Joel Warner

May 26, 2010

4 Min Read
Gut instinct drives supplements sales

A “hit below the belt” is taking on a new, positive meaning: Manufacturers of probiotics say they’ve never been busier, and retailers claim that gut health is one of their top supplement categories. Digestive aids, which include probiotics, enzymes, colon cleansers and herbal laxatives, topped $255 million in sales in 2009, up almost 16 percent over the previous year—outperforming nearly every other major vitamin and supplement category, according to SPINS, a Schaumburg, Ill.-based market research company.

Here’s a breakdown of why digestive health is a smashing success, what’s in store for the future and how retailers can capitalize on the category.

Products that will move you
Thanks to an upswing during the past four or five years in infomercials, public relations campaigns and media reports on colon and digestive health, consumers are thinking more than ever about proper digestion, says Anthony Almada, president and chief science officer of the Laguna Niguel, Calif.-based natural products think tank IMAGINutrition. A healthy digestive tract is critical for maximizing the extraction of nutrients from food and supplements, plus research now links a fit gut to improved immune system function.

Enzymes, which help break down food so the body can absorb nutrients, are a key player in digestion. People get enzymes in two ways: through their bodies, which naturally make them, and in their food, which contains them. But experts believe modern food processing destroys most enzymes. Thus, the body needs extra help. “Just like how a multivitamin needs to be the base of all the things you take, so does a digestive enzyme,” says Denise Whitney, CEO of the Sarasota, Fla.-based nutraceuticals marketing firm Creative Innovations.

Although sales of some members of the digestive supplement category, such as enzymes, have been slowly building for years, one new segment—colon-health laxatives—has undergone a dramatic resurgence. Almada believes the secret to success is the products’ immediate and perceptible effects. “It’s very hard to see a big category grow in a short period of time if the effects of the products aren’t seen, like looking in the mirror, or felt, like experiencing less pain. Or if they don’t have a measurable benefit, like lowering your blood sugar if you’re diabetic,” he says. Products like laxatives, which can produce results after just one dose, are difficult for consumers to ignore.

Probiotics, both as laxative ingredients and colon health aids, are the biggest superstars in the digestive health category. They’re popping up in yogurts, nutrition bars and cereals, and companies are developing supplement versions that are stable at room temperatures, which can lead to better exposure on store shelves as well as easier storage in customers’ homes. And that could be just the beginning. Almada points to several clinical studies suggesting that some probiotics don’t have to be alive in order to work. As the science on probiotics develops, additional studies could have dramatic impact on how probiotic supplements are manufactured, marketed, consumed and even named—since probiotics, by definition, must be alive when administered.
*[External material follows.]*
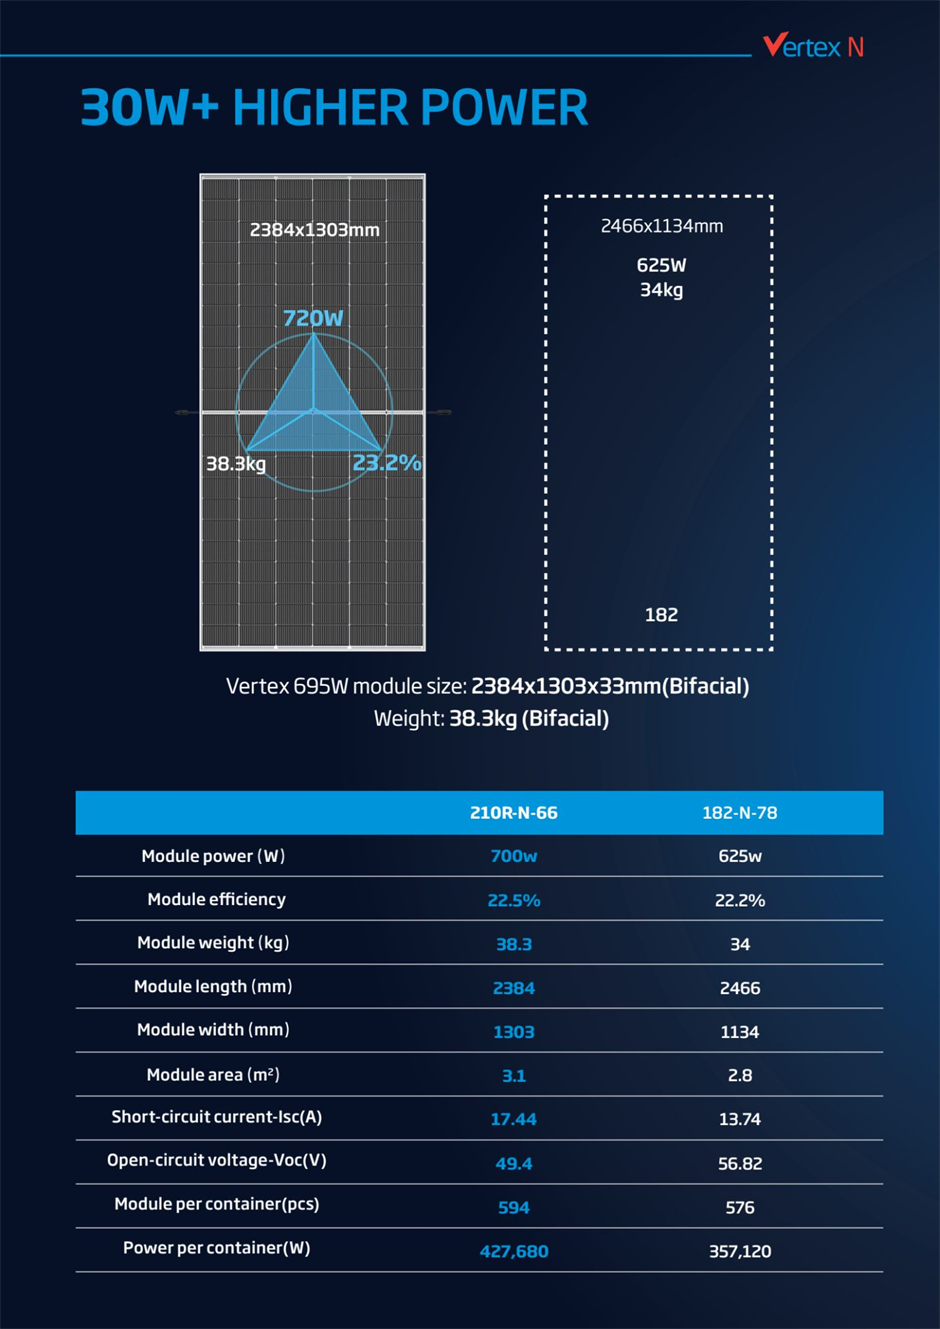 Technical comparison between the Trinasolar Vertex N 720W n-type bifacial solar panel and a similar 182-based module shows higher power output, higher efficiency, and higher power per container for the Vertex N 625W bifacial solar module.
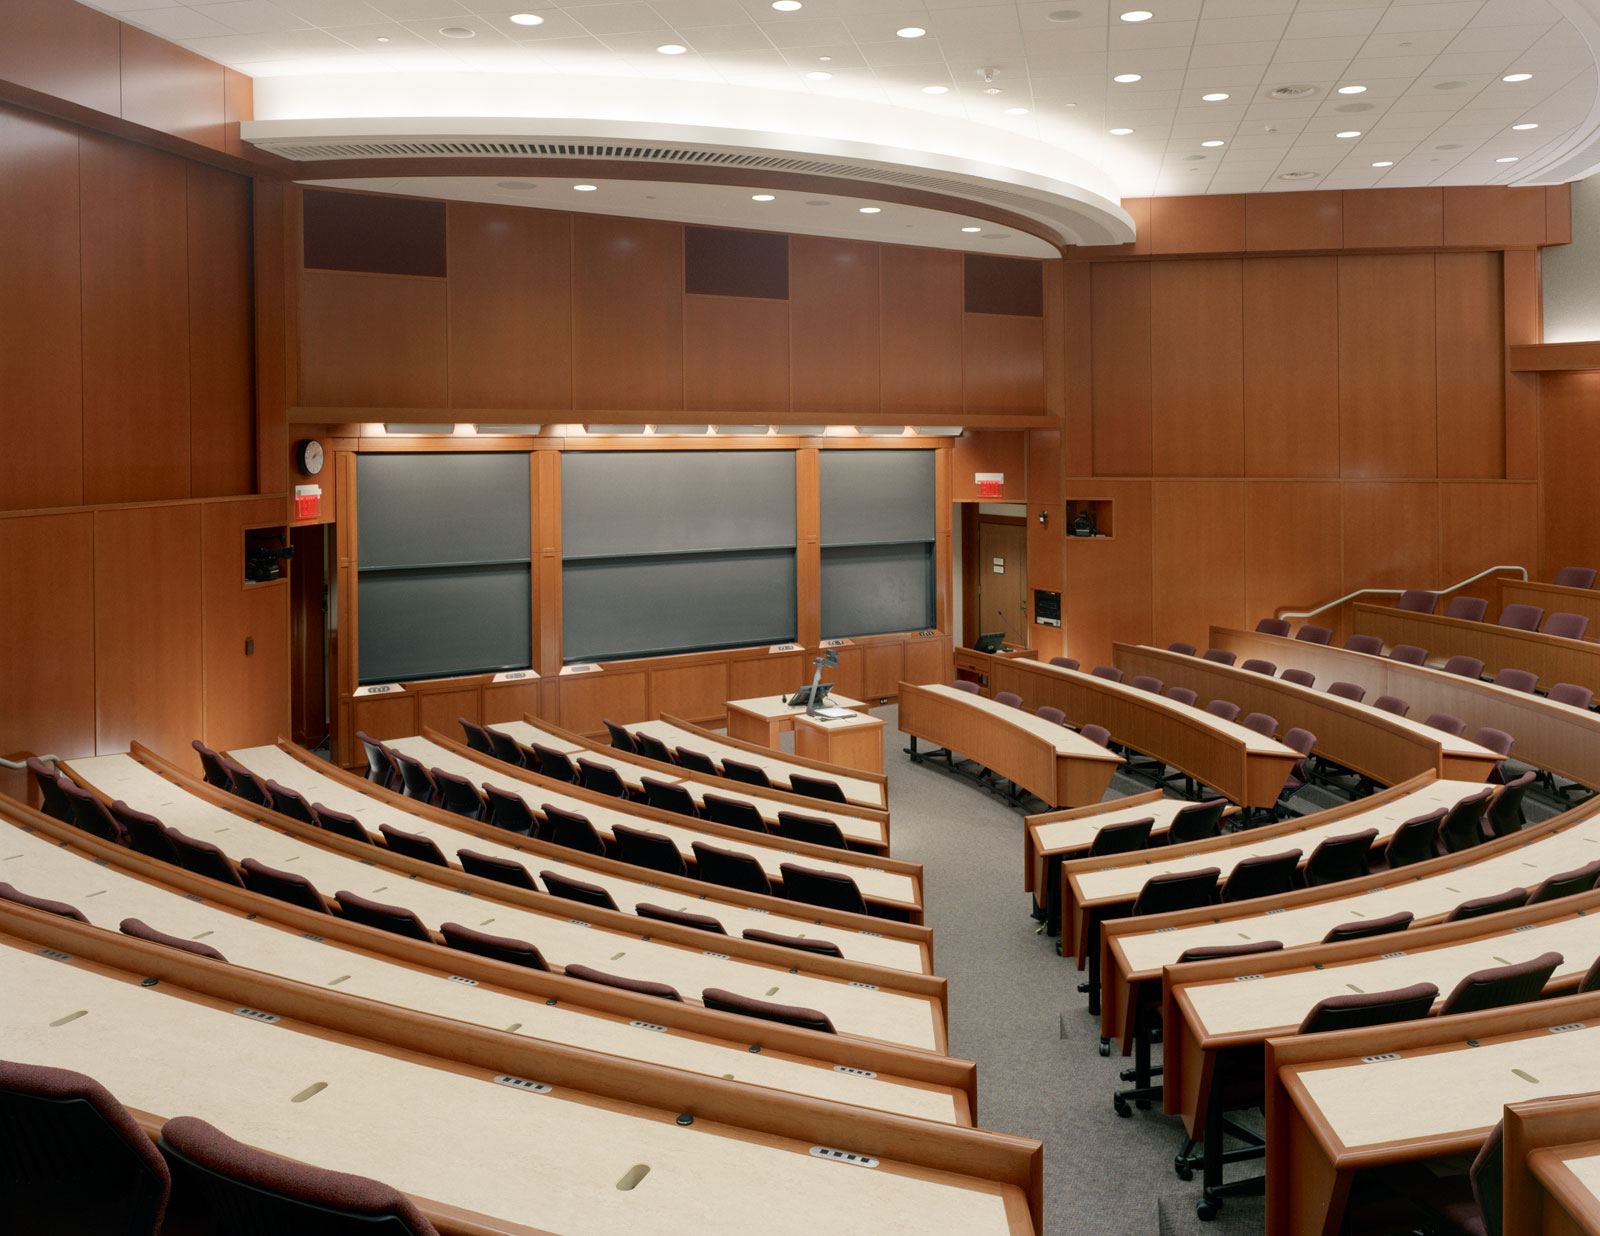 MRW fabricated the wall panels that enhance this space. MRW worked closely with Harvard, Shawmut and Baker Design Group to create a state-of-the-art lecture hall for Harvard.

Michael Pelton, president of the Glastonbury, Conn.-based natural-marketplace consulting firm Inner Circle Sales, foresees new gut-health products that will merge the benefits of probiotics, prebiotics (nondigestible food ingredients that encourage beneficial bacterial growth) and digestive-health nutrients. “These products are going to become as important as your daily multivitamin,” he says. “Just like you take your multivitamin to top off your vitamin intake, you will take this to top off your enzymes.”

More education needed
The digestive health category has developed so quickly that, according to Pelton, it may have outpaced the education campaigns needed to support it. He sees retail shelves filled with 30 or 40 different digestive-health supplements, many of which feature very different ingredients and widely varying directions for use. “There are so many things you can take in this category,” he says. “Even for a guy like me, it’s very confusing.”

That’s why, from Whitney’s perspective, the big winners in the category are companies like Enzymedica and Garden of Life that have developed comprehensive education campaigns for their digestive-health product lines. Efforts include producing books and CDs to go along with products, as well as employing traveling trainers to educate retailers and present in-store lectures to consumers.

But Pelton stresses that retailers also can do their part. He suggests focusing your digestive-health inventory around a few key supplement brands. Then practice explaining the effects of the ingredients involved in these products and emphasizing the importance of taking them every day.

Joel Warner, a Denver-based writer, likes the idea of nonrefrigerated probiotics that he can store right next to his daily multivitamin.